Toutes ces peines sont portées au double en cas de récidive ou si l’infraction est commise avec certaines circonstances aggravantes telles l’utilisation des technologies de l’information et de la communication ,le port d’arme à feu ou commission de l’infraction par une bande de plus de 12 personnes .En outre l’auteur de l’une des infractions prévues par l’ordonnance ne bénéficie des circonstances atténuantes qu’à concurrence de la moitié du minimum de la peine prévue, et la personne qui incite à la commission de ces infractions est considérée comme complice et sera passible des mêmes peines prévues pour l’auteur. On l’aurait compris les actes commis en bandes de quartiers sont pratiquement assimilés à des actes de terrorisme de par le régime spécifique dont ils relèvent .

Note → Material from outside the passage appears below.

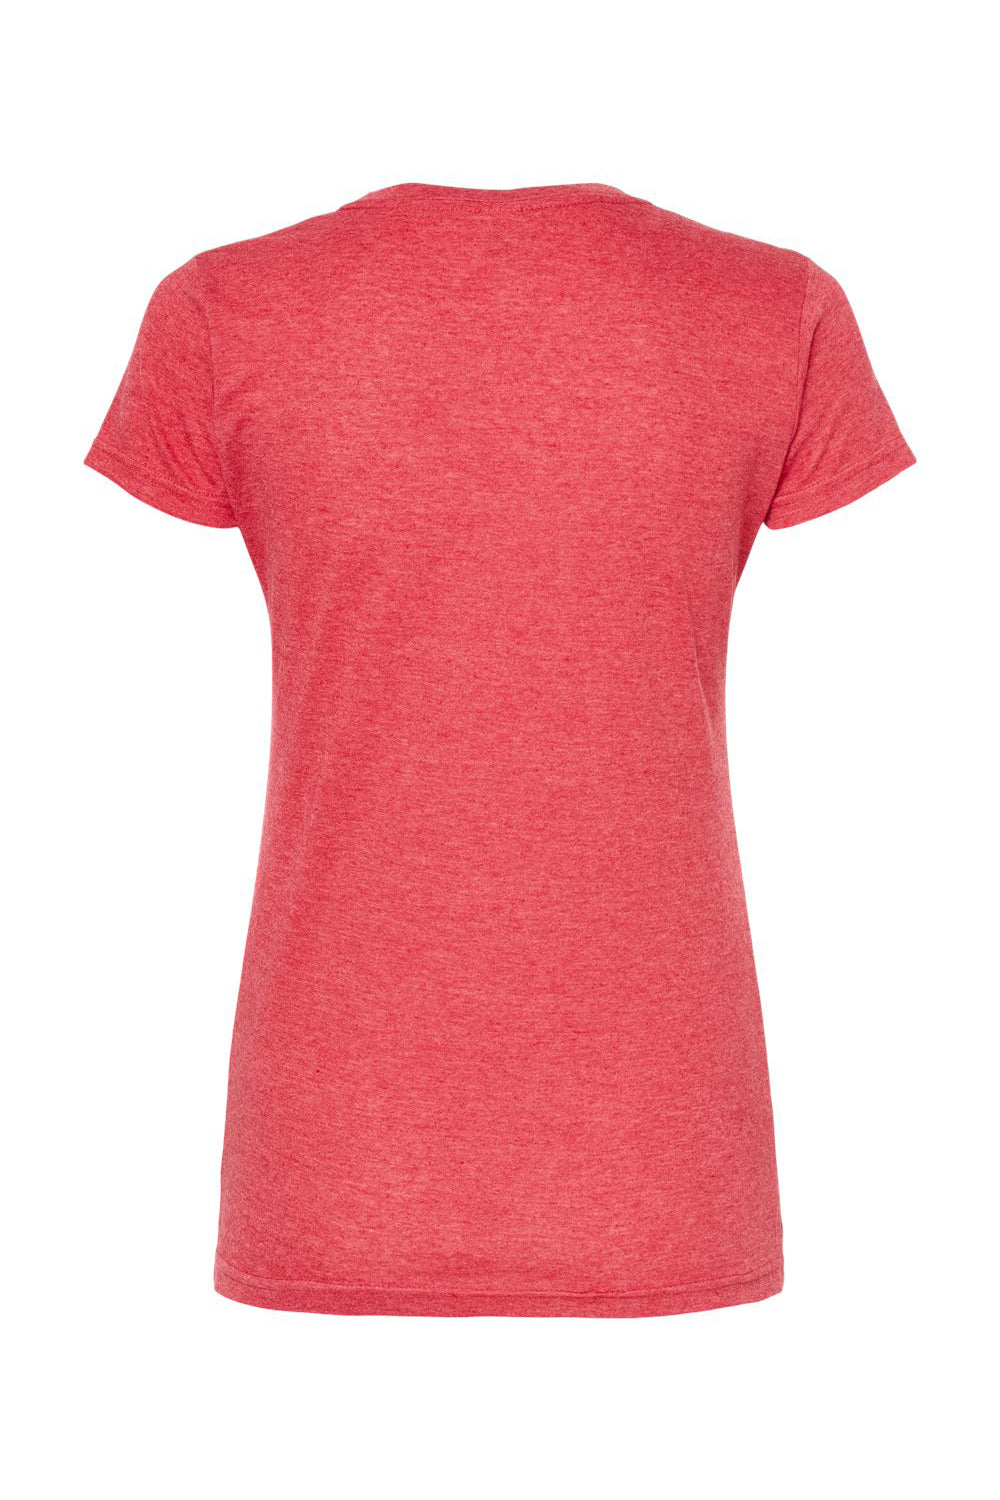 Tultex 240 Womens Poly-Rich Short Sleeve Crewneck T-Shirt Heather Red Flat Back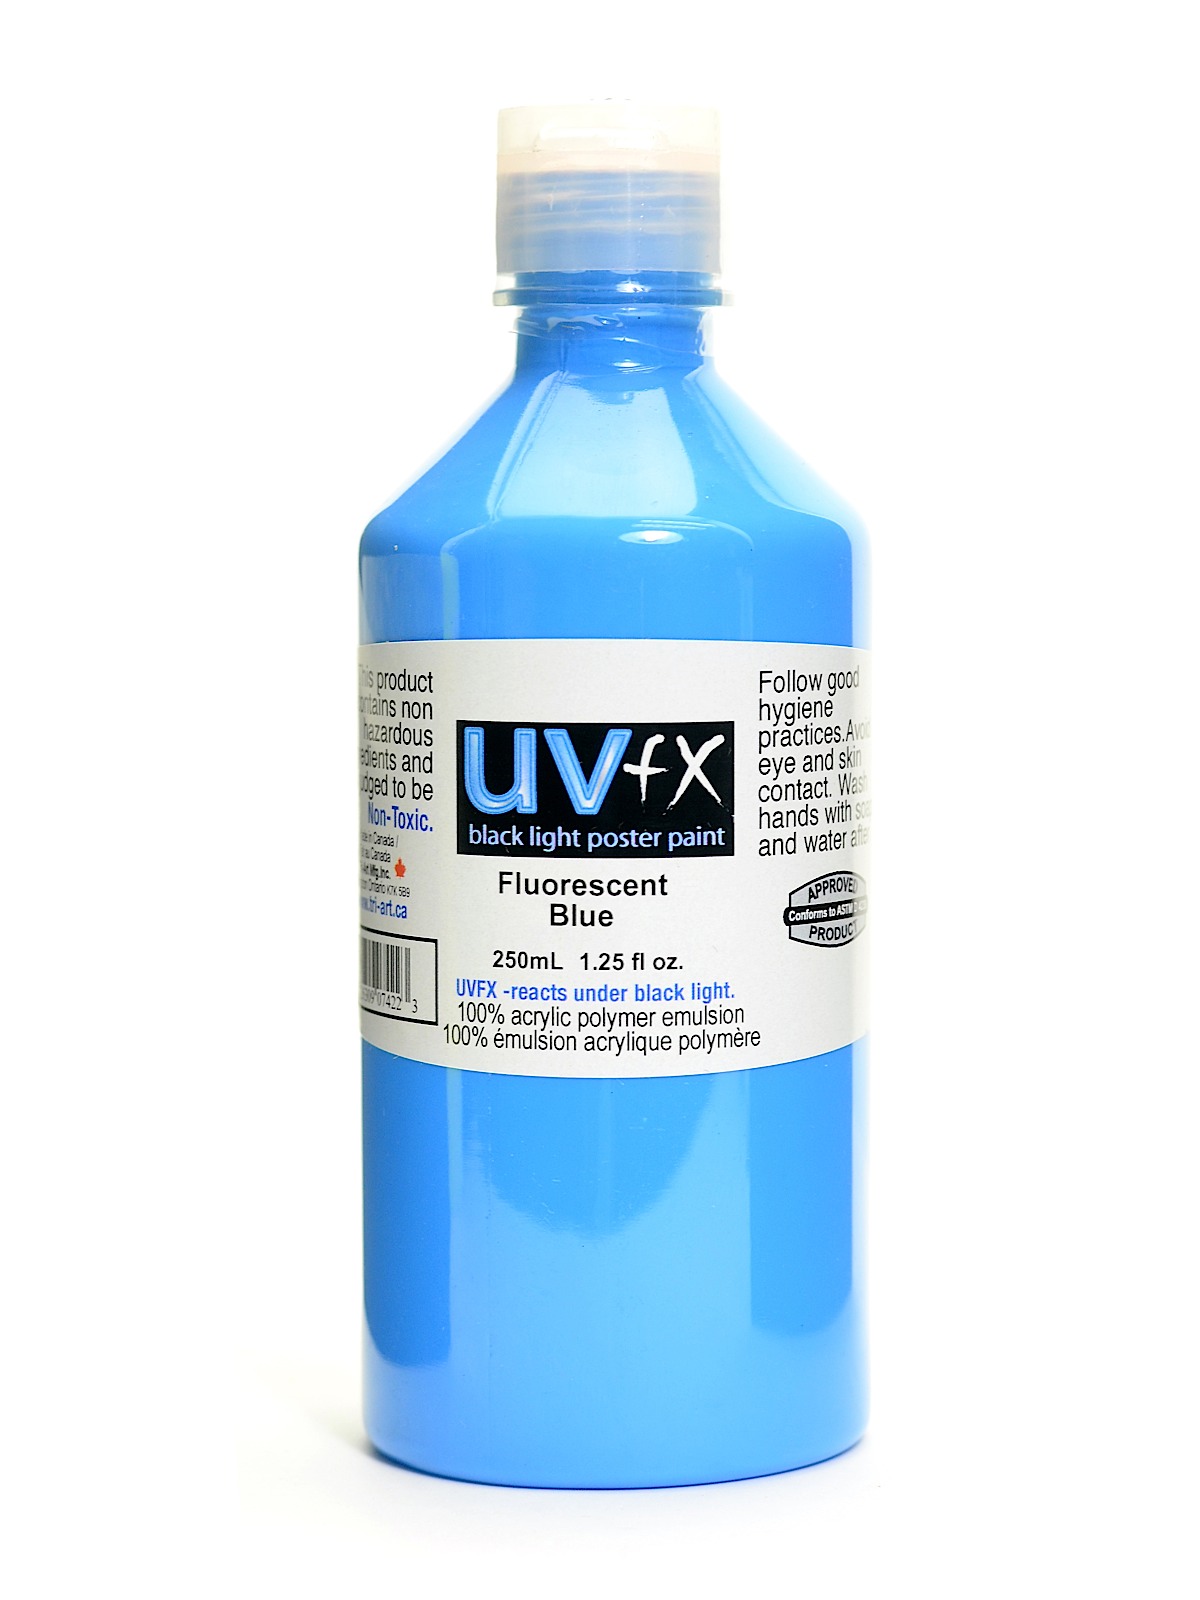 Uvfx Black Light Poster Paint Fluorescent Blue 250 Ml Bottle

Pour un observateur averti il ya lieu de se poser des questions sur la pertinence d’un tel texte dans le contexte actuel , surtout que le code pénal contient suffisamment de dispositions à même de réprimer sévèrement les actes commis en groupes ou en bande à l’instar du délit d’association de malfaiteurs ou d’attroupement armé ou non armé .Il est évident que cette ordonnance repose sur une idée fausse selon laquelle durcir les peines serait dissuasif et efficace, ce qui n’est pas le cas .Désormais le simple fait d'appartenir à une bande de quartier pourra être puni d’une peine de 10 ans d’emprisonnement et d’une amende de 1 000 000 de dinars.
En vérité cette ordonnance , qui sera sans aucun doute adoptée par le parlement et passera comme une lettre à la poste sans aucune discussion sérieuse , pourrait constituer une menace pour les libertés publiques si elle est mal interprétée ou mal appliquée par les organes de poursuites pénales et par les magistrats. On peut considérer que la nouvelle loi institue des « délits préventifs » au sens où le seul fait d’être suspecté de commander ou d’appartenir à une bande de quartiers à quelque titre que ce soit peut être lourdement sanctionné d’une peine qui peut aller de 2 ans à 20 ans d’emprisonnement suivant la nature et les circonstances de la commission de l'infraction . D’ailleurs l’article 1 de l’ordonnance énonce expressément que son objet est « la prévention et la lutte contre les bandes de quartiers ».En outre , et alors que la tentative en matière correctionnelle est exceptionnelle et doit être prévue expressément par un texte de loi , tous les délits prévus par la nouvelle ordonnance sont réprimés en tant que tels même s’il ne s’agit que d’une tentative.
L’ordonnance dispose dans son article 2 qu’elle entend par bande de quartiers « tout groupe, sous quelque dénomination que ce soit, composé de deux personnes ou plus, appartenant à un ou à plusieurs quartiers d’habitation, qui commet un acte ou plus dans le but de créer un climat d’insécurité, à l’intérieur des quartiers ou dans tout autre espace, ou dans le but d’en assurer le contrôle, en usant de violences morales ou physiques, exercées à l’égard des tiers, en mettant en danger leurs vies, leurs libertés ou leur sécurité ou en portant atteinte à leurs biens, avec port utilisation d’armes blanches apparentes ou cachées. ».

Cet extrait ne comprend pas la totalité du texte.